Next, we define the characters contained in each word $w_{i}$ in each graph as $\left\{ s_{i},s_{i+1},\cdots ,s_{i+n_{i}-1}\right\} $, which means the node $v_{i}$ has $n_{i}$ consecutive character tokens and $s_{i}$ denotes the index of the first character of $v_{i}$ in the text $S^{a}$ and $S^{b}$. Then, we calculate a feature-wised score vector $u_{k}$, with a two layers feed forward network(abbr., FFN) for each character $c_{i+k}\left( 0\le k\le n_{i} \right) $ in $w_{i}$ like [2] and then normalized with a feature-wised softmax as Fig. 2.

$$\begin{aligned} \mathrm {u}_{i+k}=\mathrm {softmax}\left( \mathrm {FFN}\left( c_{i+k} \right) \right) \end{aligned}$$

(1)

The corresponding character embedding $c_{i+k}$ is weighted with the normalised scores $u_{i+k}$ to obtain the initial node embedding $\mathrm{v}_{i}= {\textstyle \sum _{k=0}^{n_{i}-1}\mathrm{u}_{i+k}\odot \mathrm{c}_{i+k}} $. where $\odot $ represents element-wise product of two vectors.

At the end of this module, we get two lattice graph embedding sets $G^{a}$ and $G^{b}$, which consist of both character-level and word-level representations.

Neighborhood Interaction-Based Attention Module. Since the utilization of the attention mechanisms allows the learning process to focus on parts of the graph that are more relevant to a specific task. As Fig. 2 shows, the graph attention classification module takes the contextual node embedding $u_{i}$ as the initial representation $h_{i}^{0}$ for each node $v_{i}$, then updates its representation from one layer to the next. We simplify the update strategy into two steps:

(1)Message Propagation. At l-th step, each node $v_{i}$ in $G^{a}$ (the same with $G^{b}$) will first aggregates messages from its own neighbor nodes and then combine the result with the node representation from the last iteration,

$$\begin{aligned} \mathbf {h}_{i}^{self}=\mathrm {GRU}\left( \mathbf {h}_{i}^{l-1}, \sigma \left( \sum _{v_{q} \in \mathcal {N}\left( v_{i} \right) }\alpha _{ij}\left( \mathbf {W}^{self}\mathbf {h}_{j}^{l-1} \right) \right) \right) \end{aligned}$$

(2)

In order to make full use of the information of $G^{b}$, we also aggregate messages from all nodes in graph $G^{b}$,

$$\begin{aligned} \mathbf {h} _{i}^{b}= \sigma \left( \sum _{v_{q} \in \mathcal {V}\left( v_{b} \right) }\alpha _{iq}\left( \mathbf {W}^{b}\mathbf {h}_{q}^{l-1} \right) \right) \end{aligned}$$

(3)

Here , the $\sigma $ is a non-linear activation function, e.g. a ReLU. And $\alpha _{ij}$ and $\alpha _{iq}$ are attention coefficients [13].

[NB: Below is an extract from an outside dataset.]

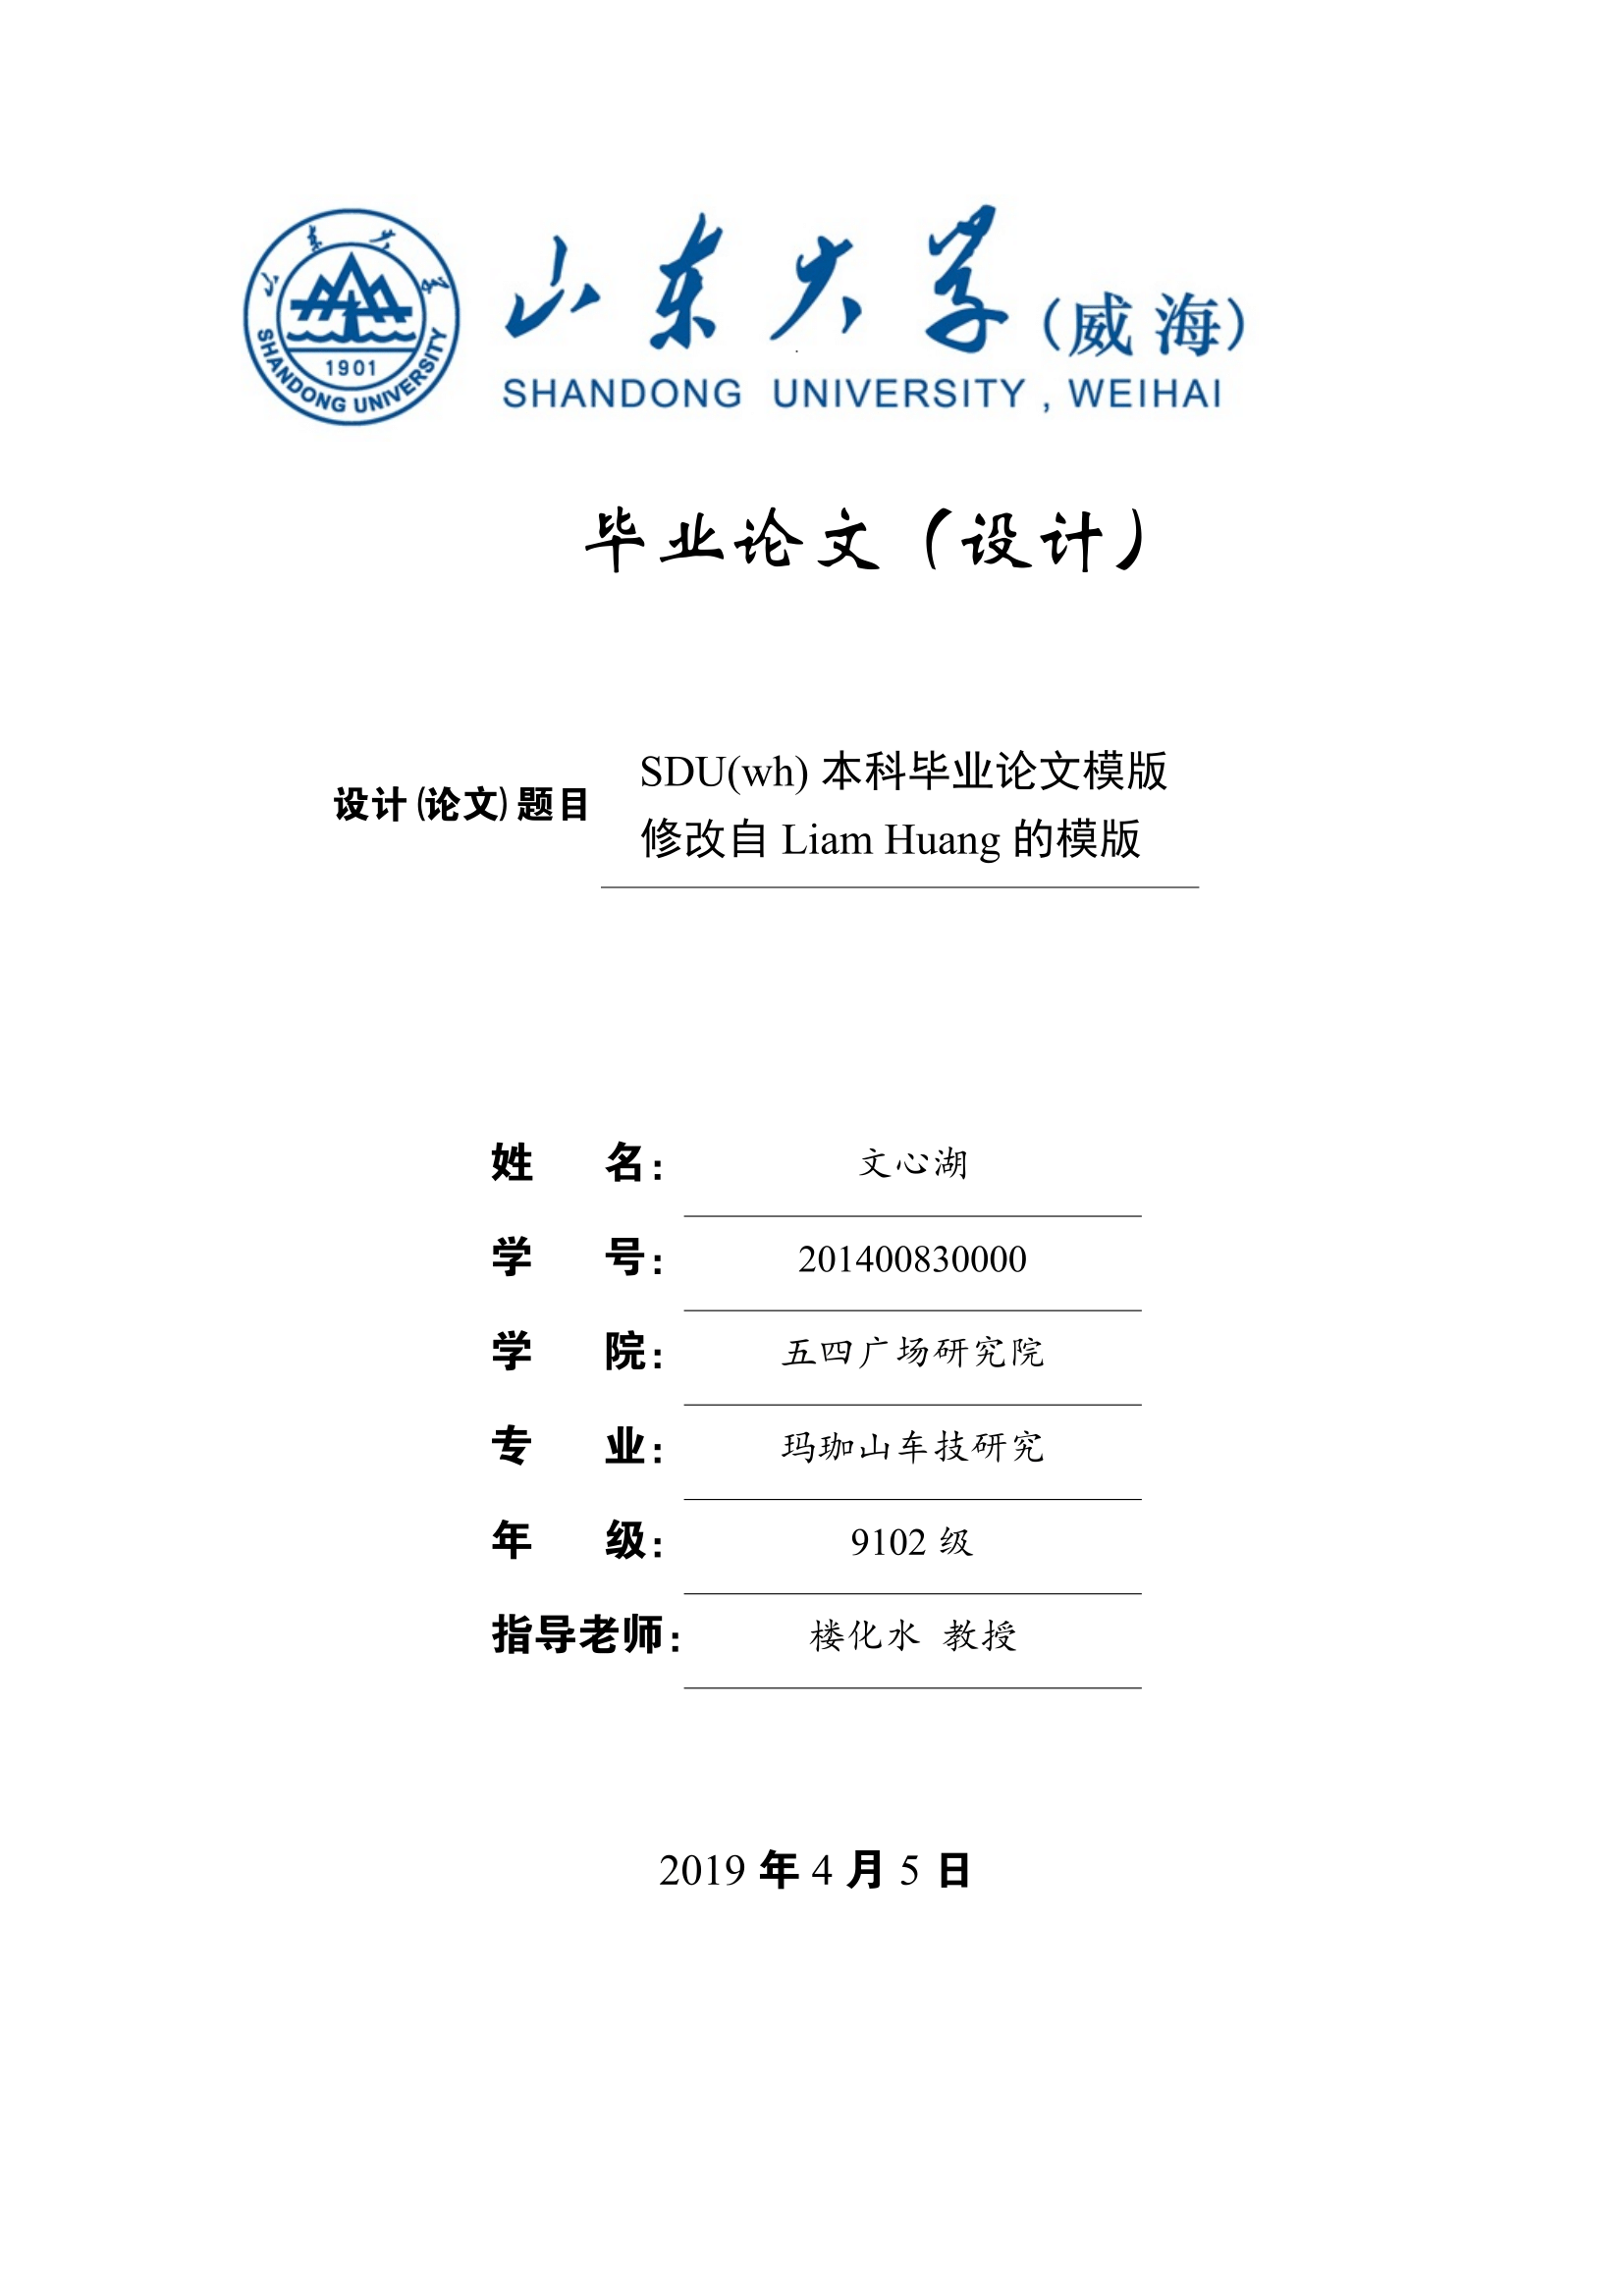 深圳大学本科毕业论文排版样例 - LaTeX科技排版工作室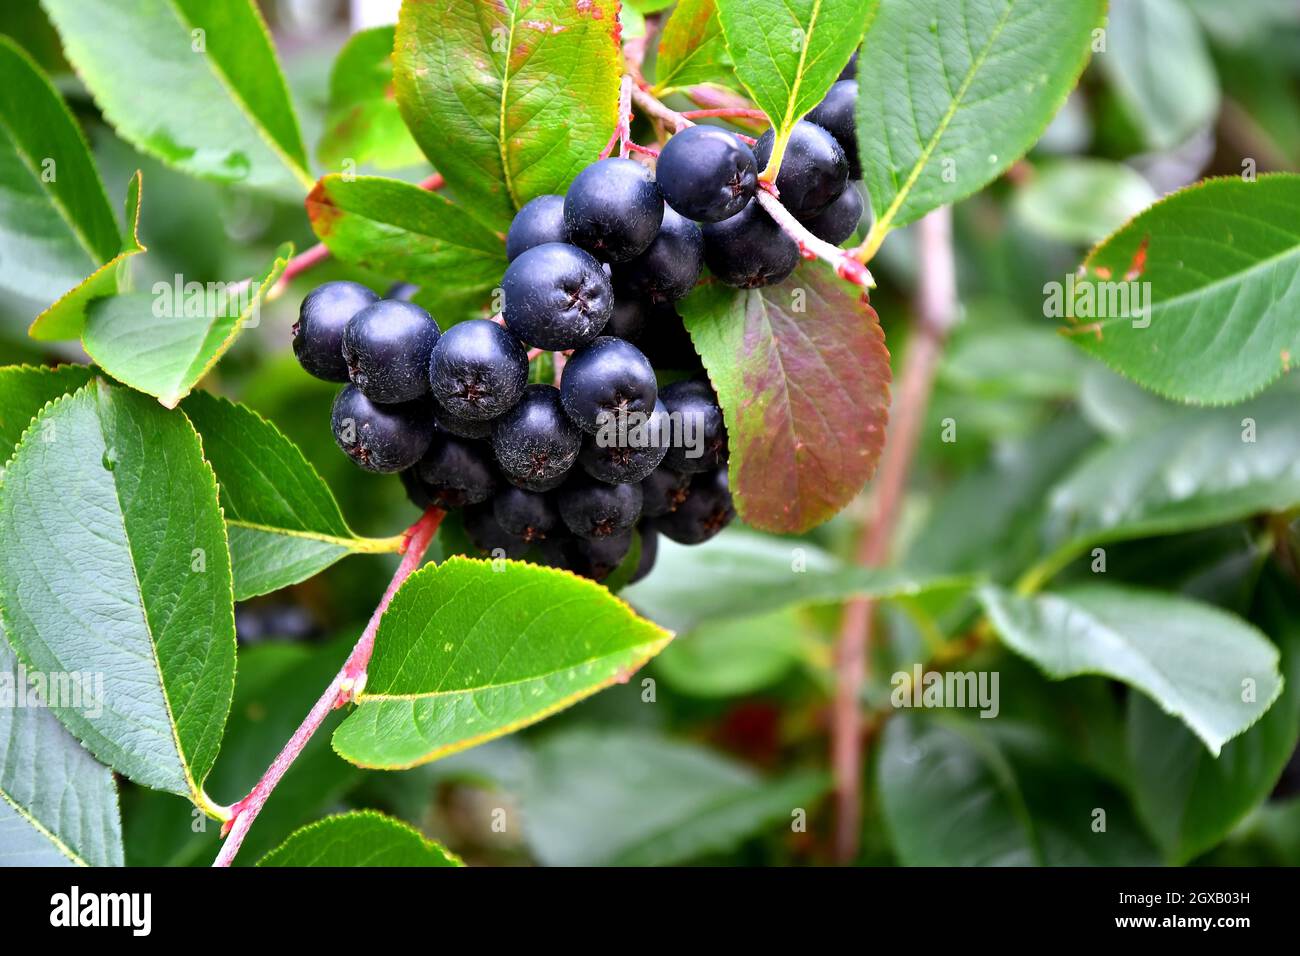 Reife Aronia-Beeren auf einem Baum in Deutschland Stockfotografie - Alamy

(2)Representation Updating. After message propagation, each node $v_{i}$ will update its representation from $\mathbf {h} _{i}^{b}$ to $\mathbf {h}_{i}^{l}={\text {GRU}}\left( \mathbf {h}_{i}^{\text{ self }}, \mathbf {h}_{i}^{\text{ b }}\right) $ with a gate recurrent unit (abbr., GRU) [3].

After updating node feature L steps, we will obtain the graph-aware representation $\mathbf {h}_{i}^{L}$ for each node $v_{i}$.

Leaping Connection Module. Without introducing any additional parameters, we selectively adopt max-pooling as the core of the LC module like Fig. 3, which can balance the contradiction between training consumption and over-smoothing. We can get the final representation $\mathbf {h}_{v}^{final}=\mathrm {MaxPooling}\left( \mathbf {h}_{v}^{1},\mathbf {h}_{v}^{2},\cdot \cdot \cdot ,\mathbf {h}_{v}^{L} \right) $ through this module. Where $\left\{ \mathbf {h}_{v}^{1},\mathbf {h}_{v}^{2},\cdot \cdot \cdot ,\mathbf {h}_{v}^{L} \right\} $ means the representation of each node at each layer.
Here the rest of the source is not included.